## What you need to do
Reproduce every line of the listing as written, apart from the pictures.

## Given information
-- Opening Marker --
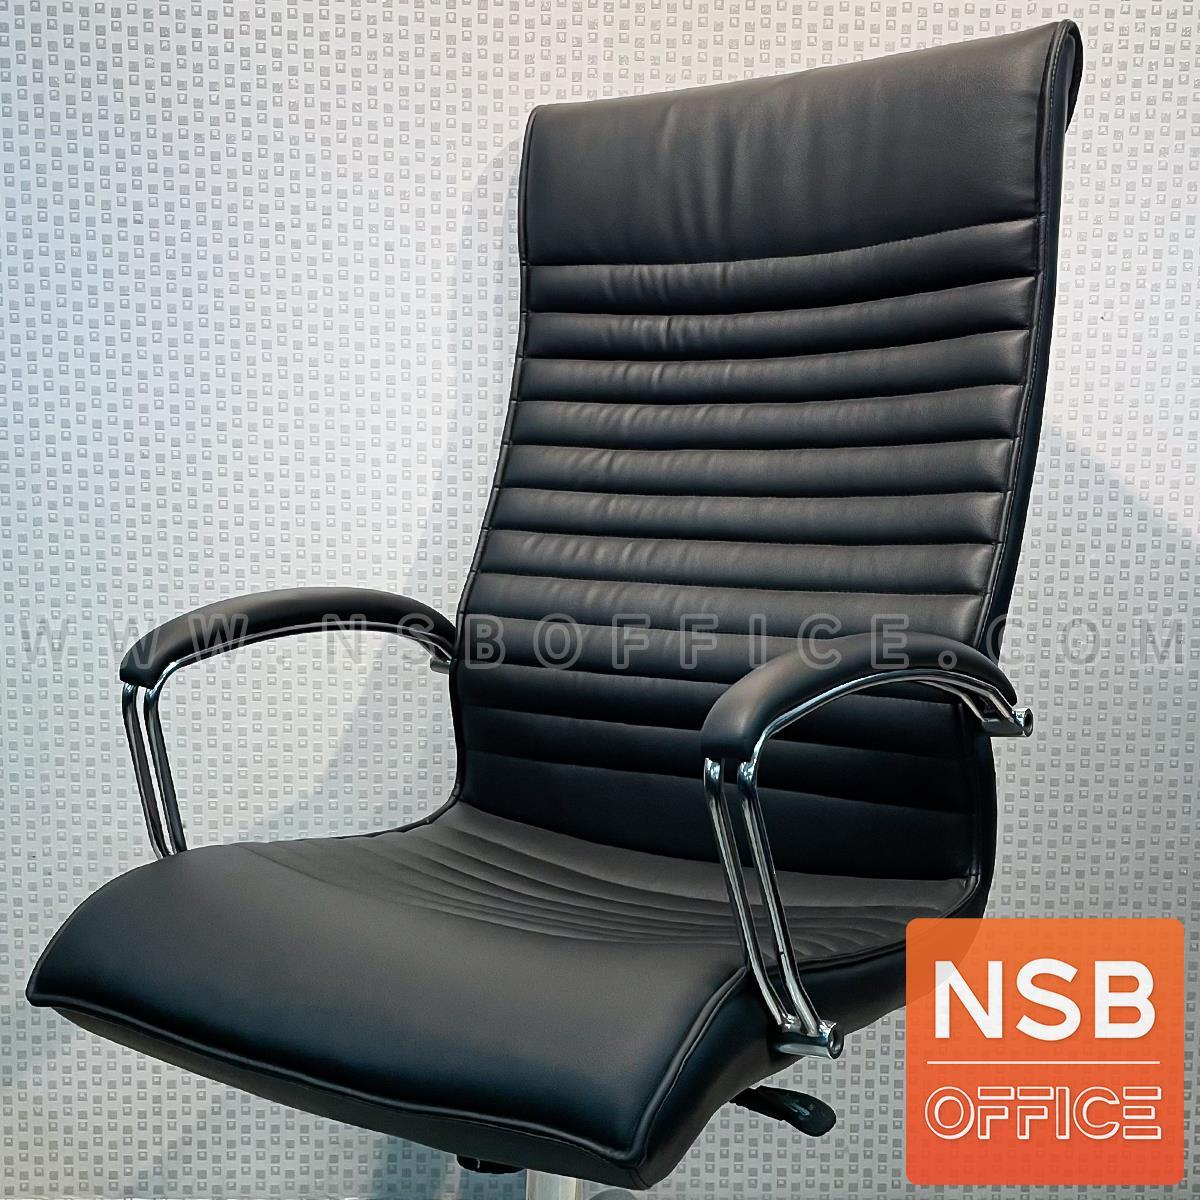 เก้าอี้ผู้บริหาร รุ่น Starcarft 2  โช๊คแก๊ส ก้อนโยก ขาเหล็กชุบโครเมี่ยม
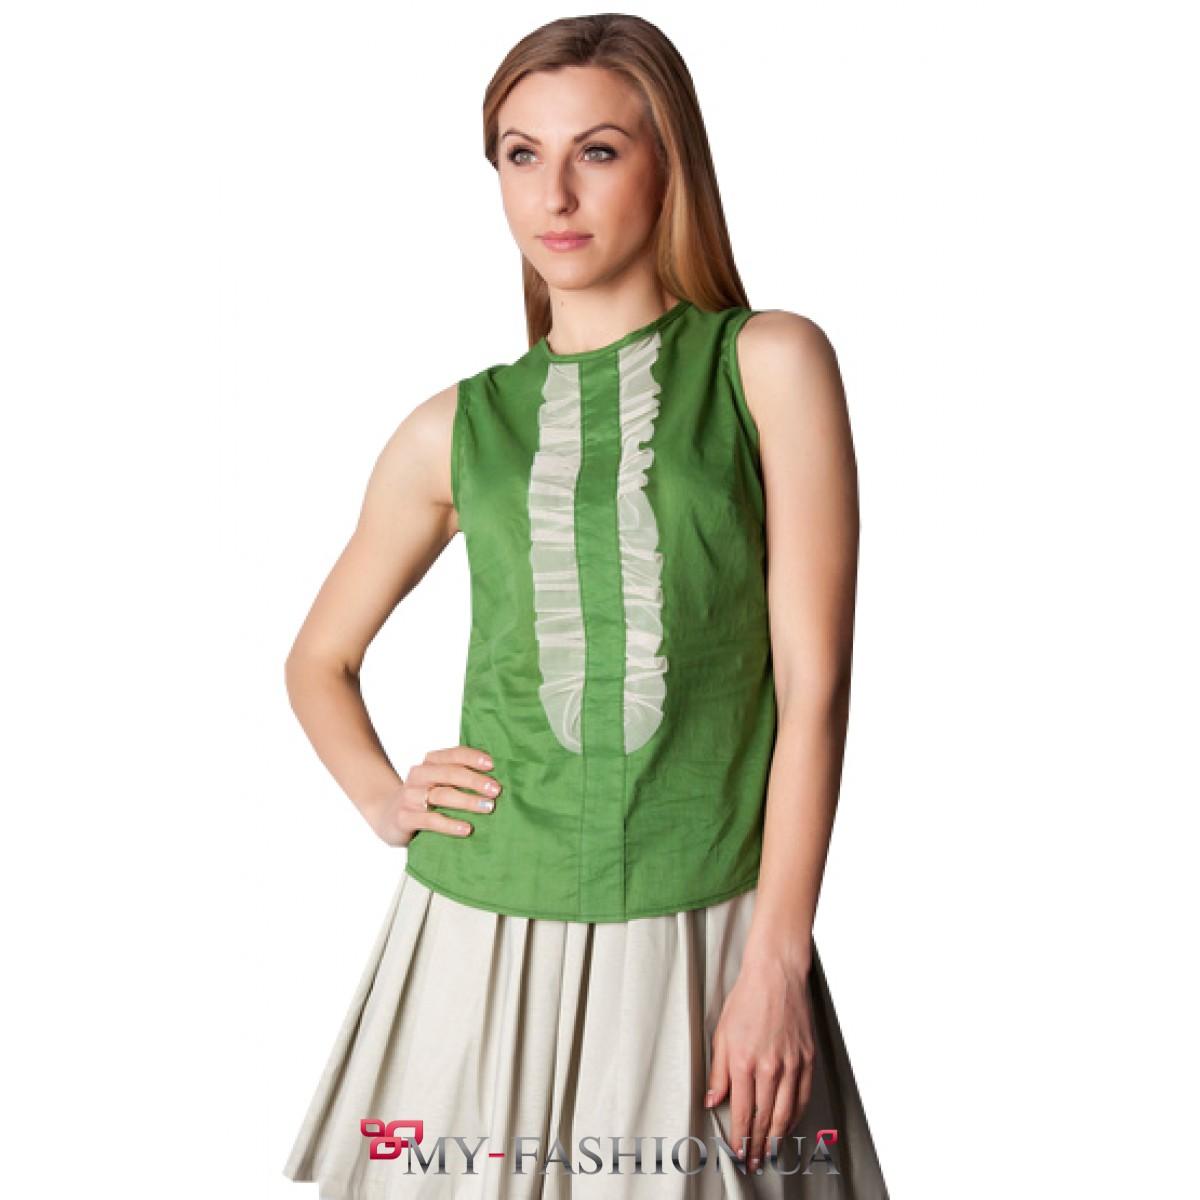 Купить одежду цвета хаки женская в интернет магазине
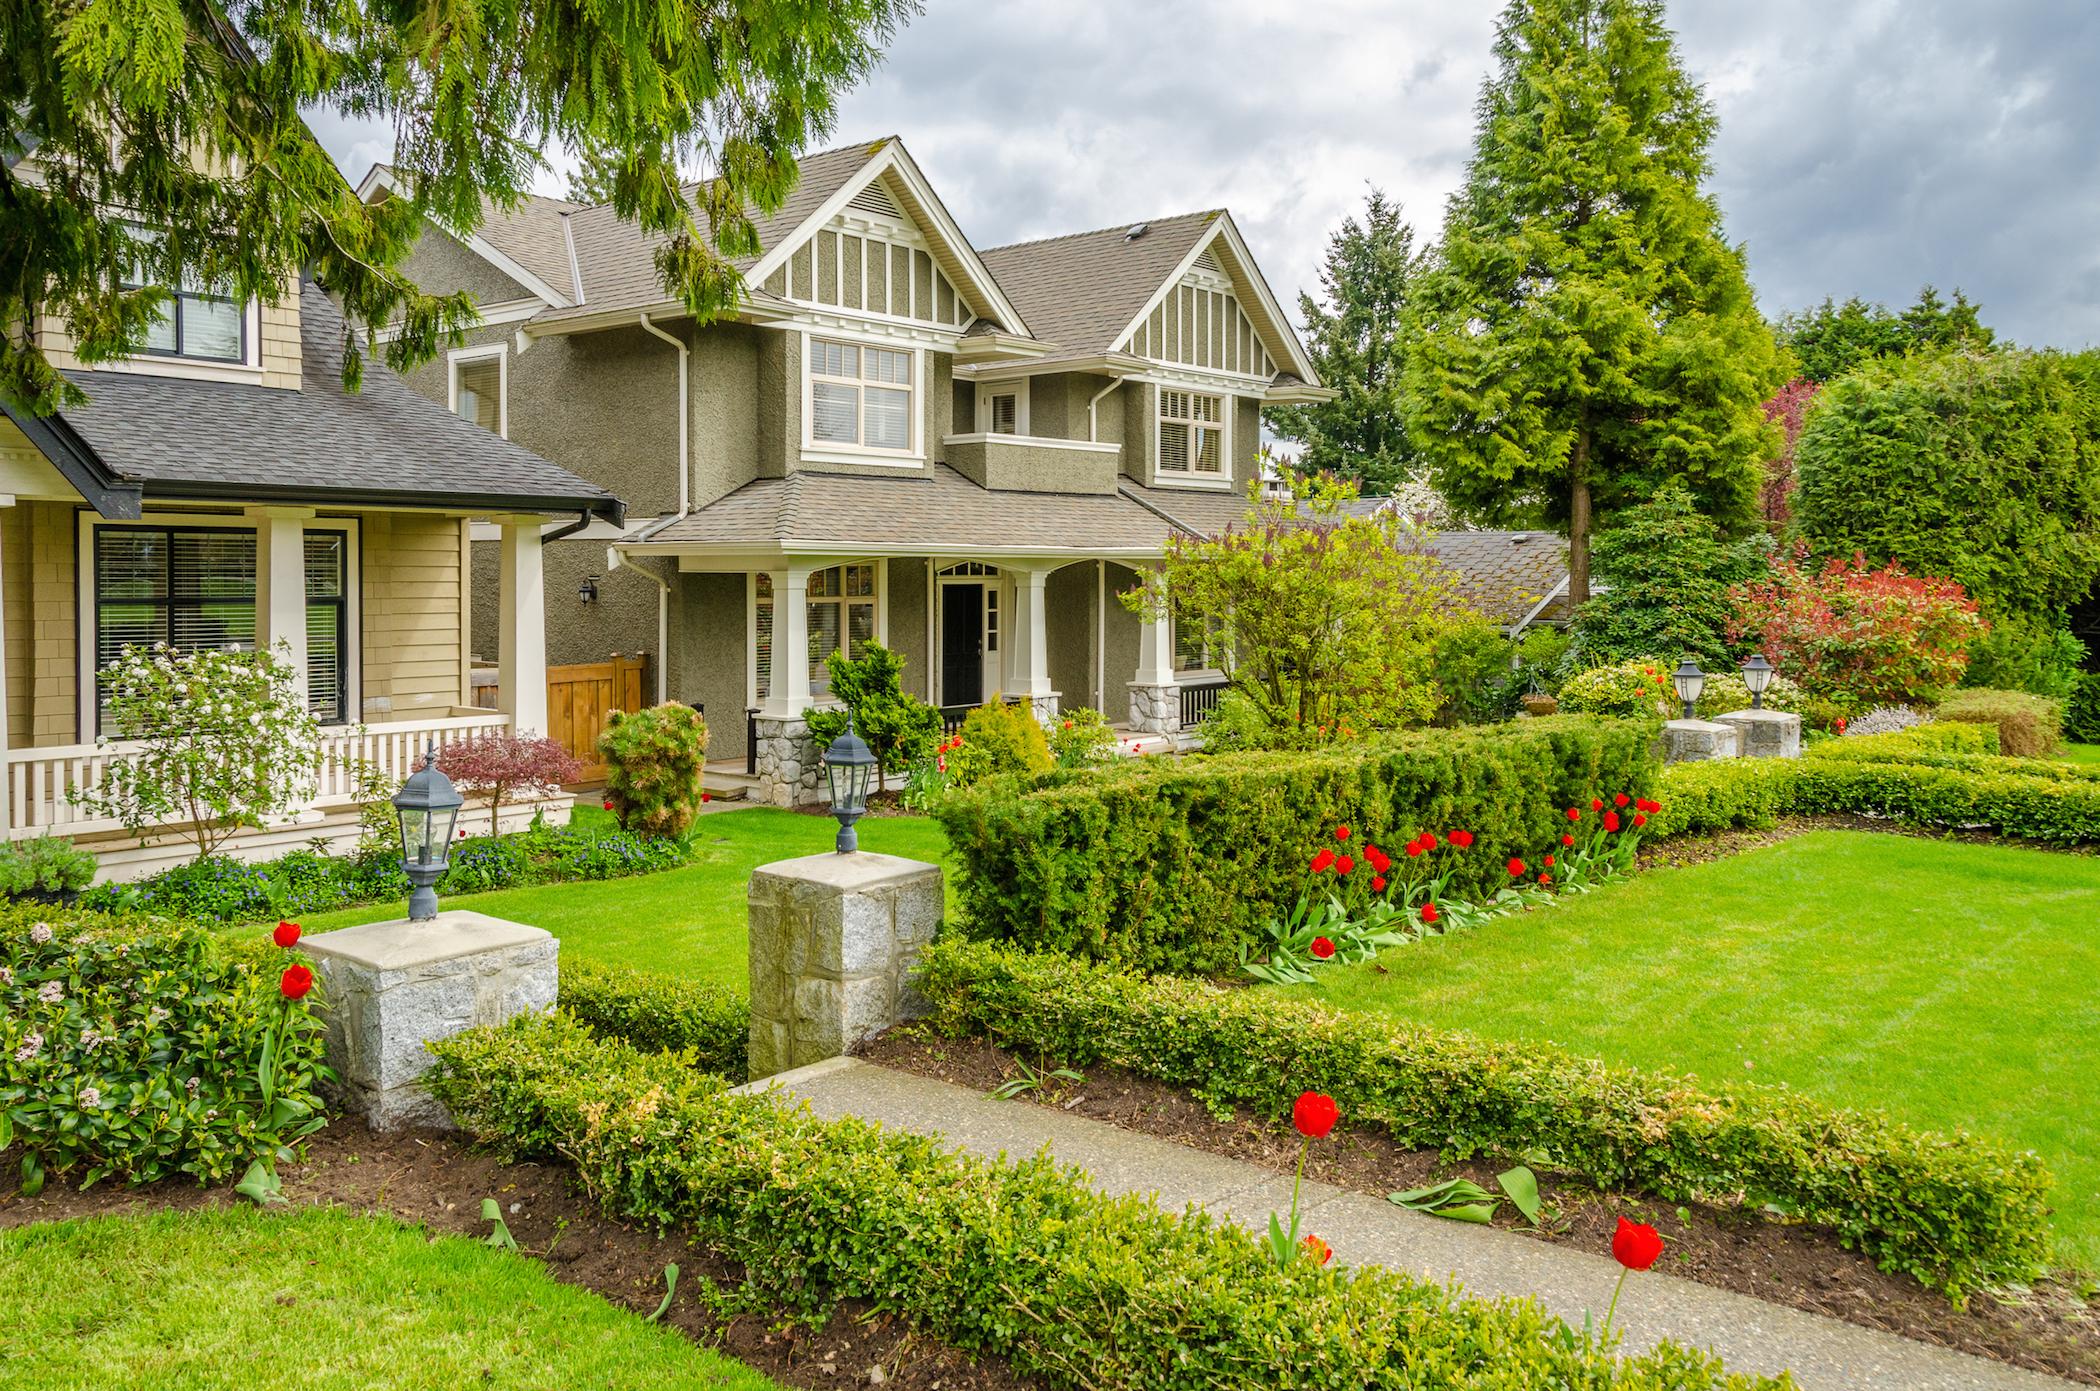 jacksonville north carolina homes for sale real estate
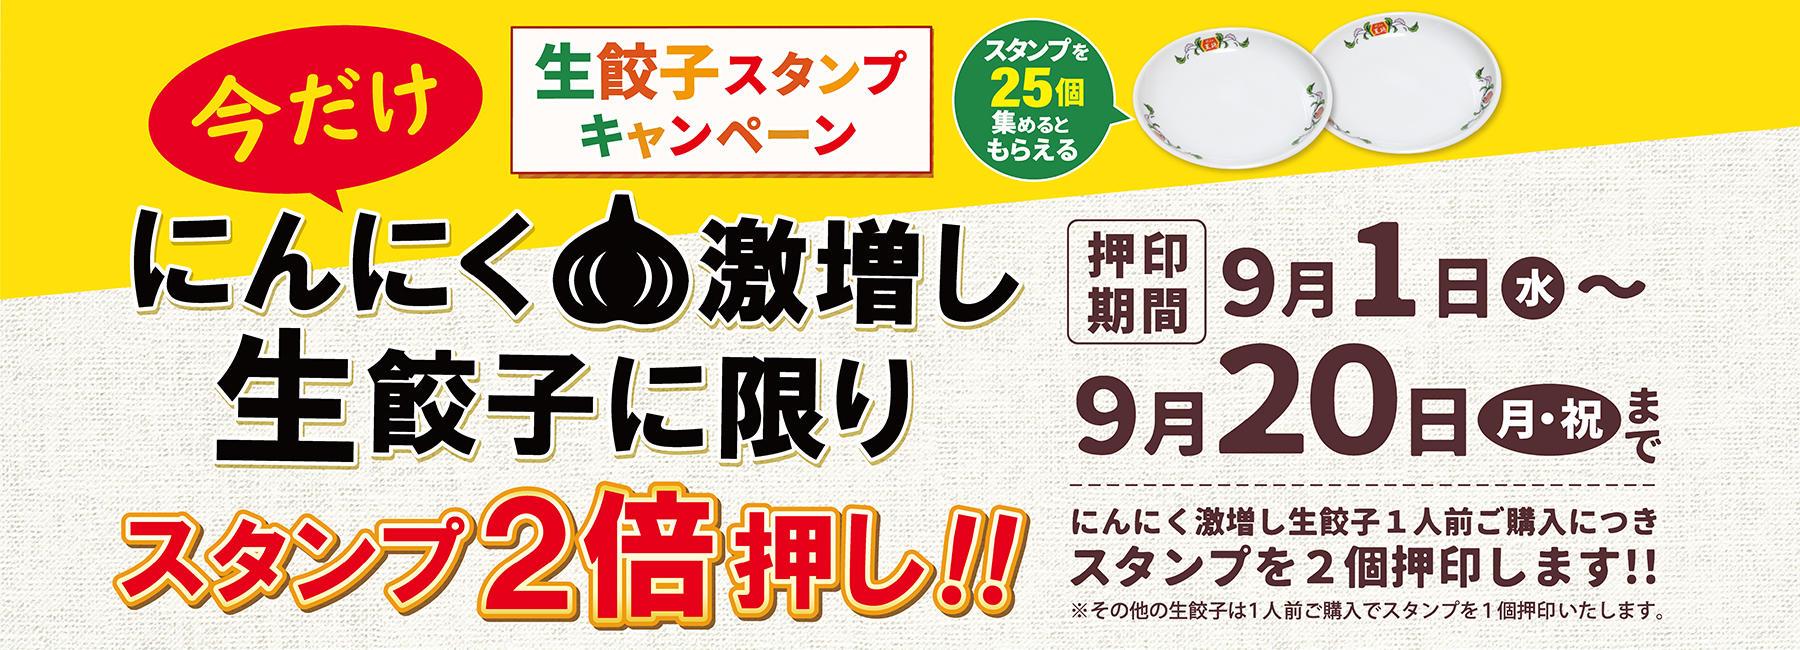 gekimashi2bai_info.jpg
-- Closing Marker --
## Result of the exercise
 เก้าอี้ผู้บริหาร รุ่น Starcarft 2  โช๊คแก๊ส ก้อนโยก ขาเหล็กชุบโครเมี่ยม
 Купить одежду цвета хаки женская в интернет магазине
 jacksonville north carolina homes for sale real estate
 gekimashi2bai_info.jpg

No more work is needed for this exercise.